Her cold hands were on his shoulders now, tightening with grave rictus. He felt bones snap but there was no true pain, only release. Tears were falling from his eyes now and whimpers from his lips.
“It would’ve been easier dying at the hands of a pretty girl,” the skull said, an odor of heavy perfumes and sweet powders masking something terrible beneath.
Soames gaped and never really understood.
“But you chose this,” she cooed in his face, her tattered lips inches from his own, her breath sour and sweet and sickening. “A kiss before dying.”

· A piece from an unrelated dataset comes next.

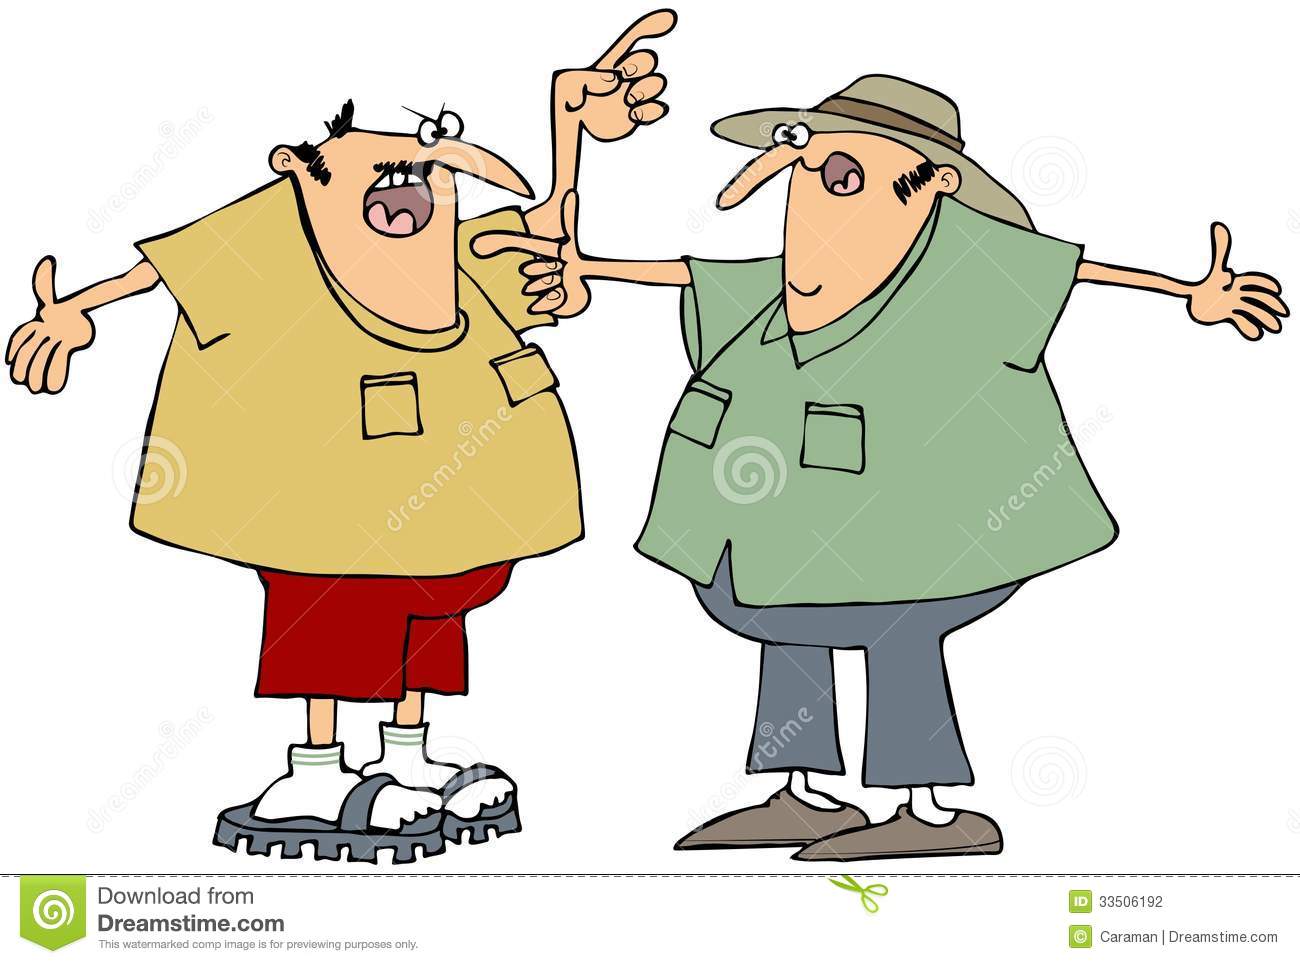 This Illustration Depicts Two Men Having A Heated Argument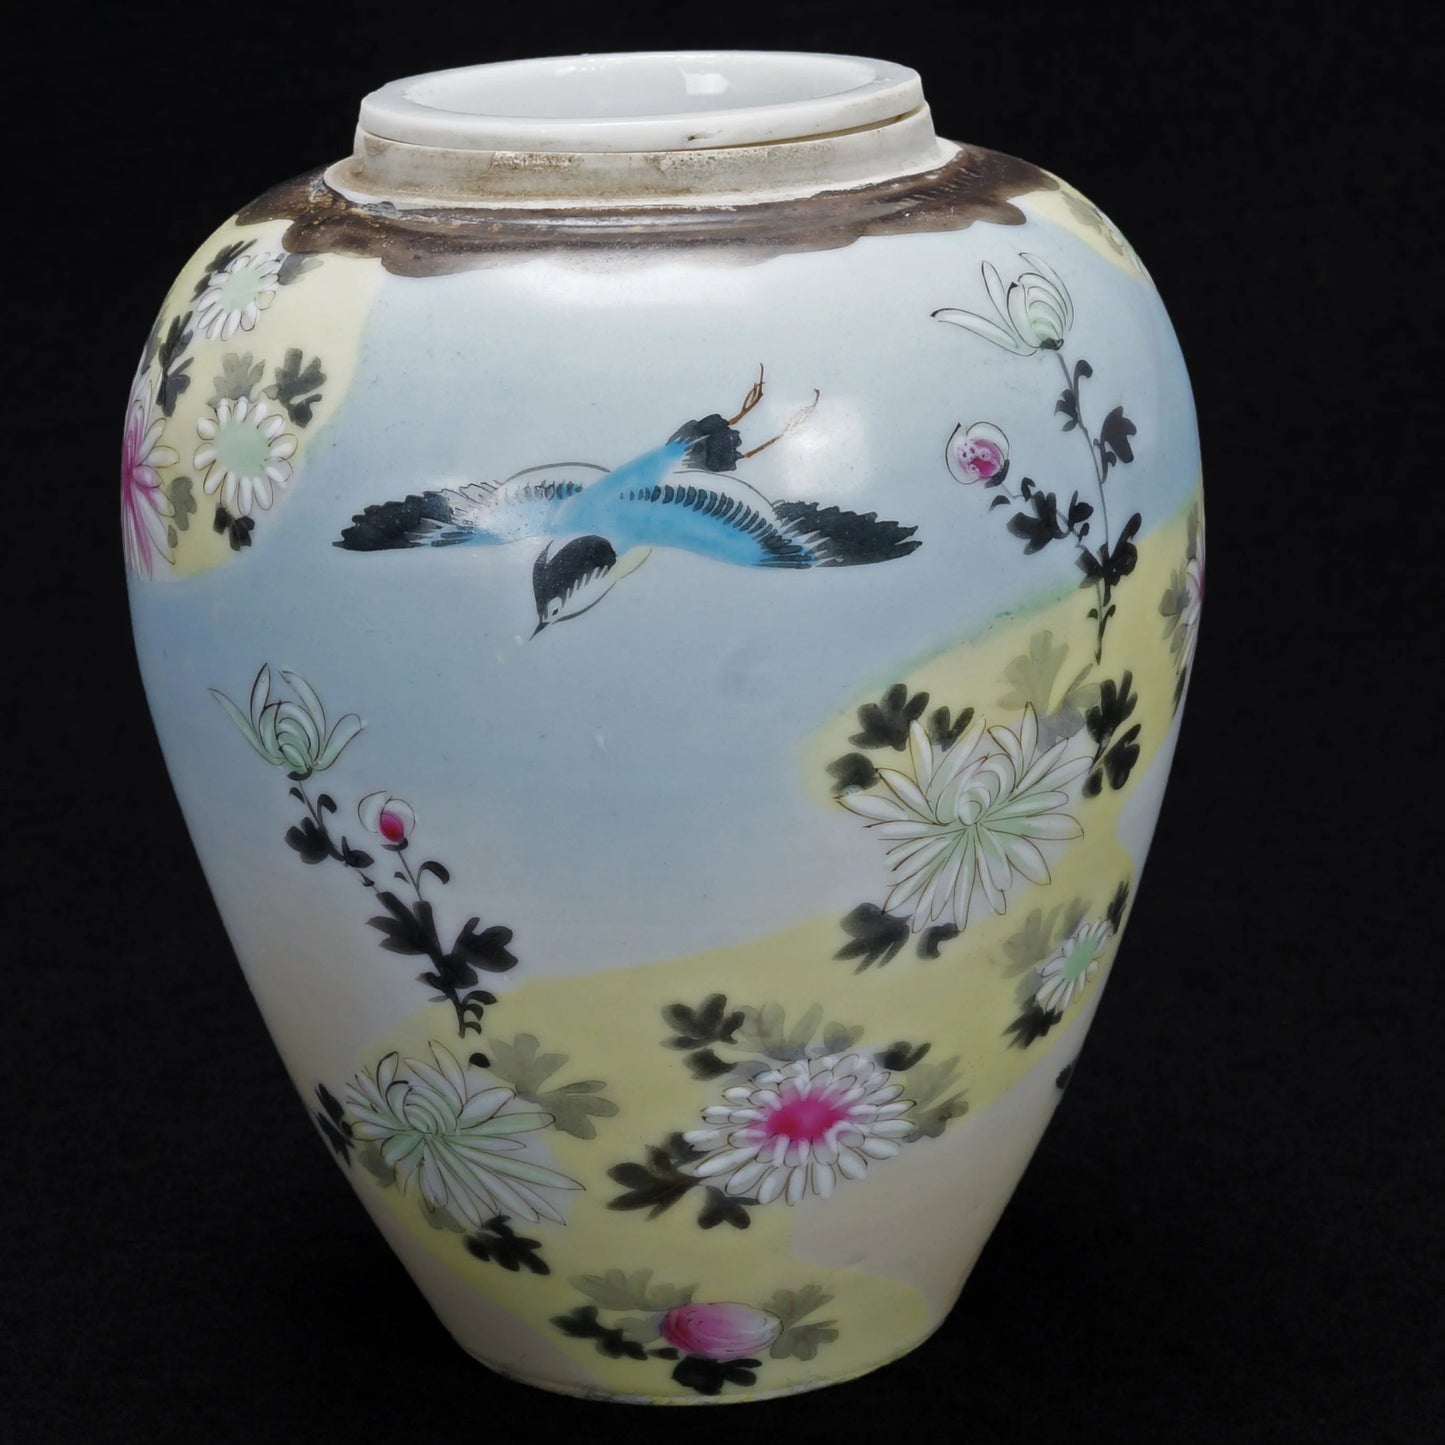 Japanese Mid-20th C Porcelain Polychrome Tea Caddy/Canister - Bear and Raven Antiques

Her decayed mouth pressed against his own and a strip of flesh ripped free and stayed on his lips. He never screamed; he was way beyond that. She suctioned her mouth over his and sucked the breath from his lungs until his eyes rolled back and his face was blue-tinged. Then it was over.
* * *
It was less than an hour before they found his body. The nurse never thought anything at first. In the dim light, he was a man sleeping in peace. Upon closer examination, his face gave the game away.
The nurse looked him over quickly and sought out her superior to announce a death on the ward.
She did this all very calmly.
For death was nothing new here.
* * *
After Cassandra had fixed her face, she returned to Eddy.
“It’s done,” she said.
“After all this time, he’s at peace.”
Eddy looked content, truly content. It was as if a great burden had been lifted from his shoulders. He closed his eyes and allowed himself the self-indulgence of a satisfied smirk.
“Did he take it well?”
“He didn’t fight. There was no violence. Just an end. He was anxious for it, the poor thing.”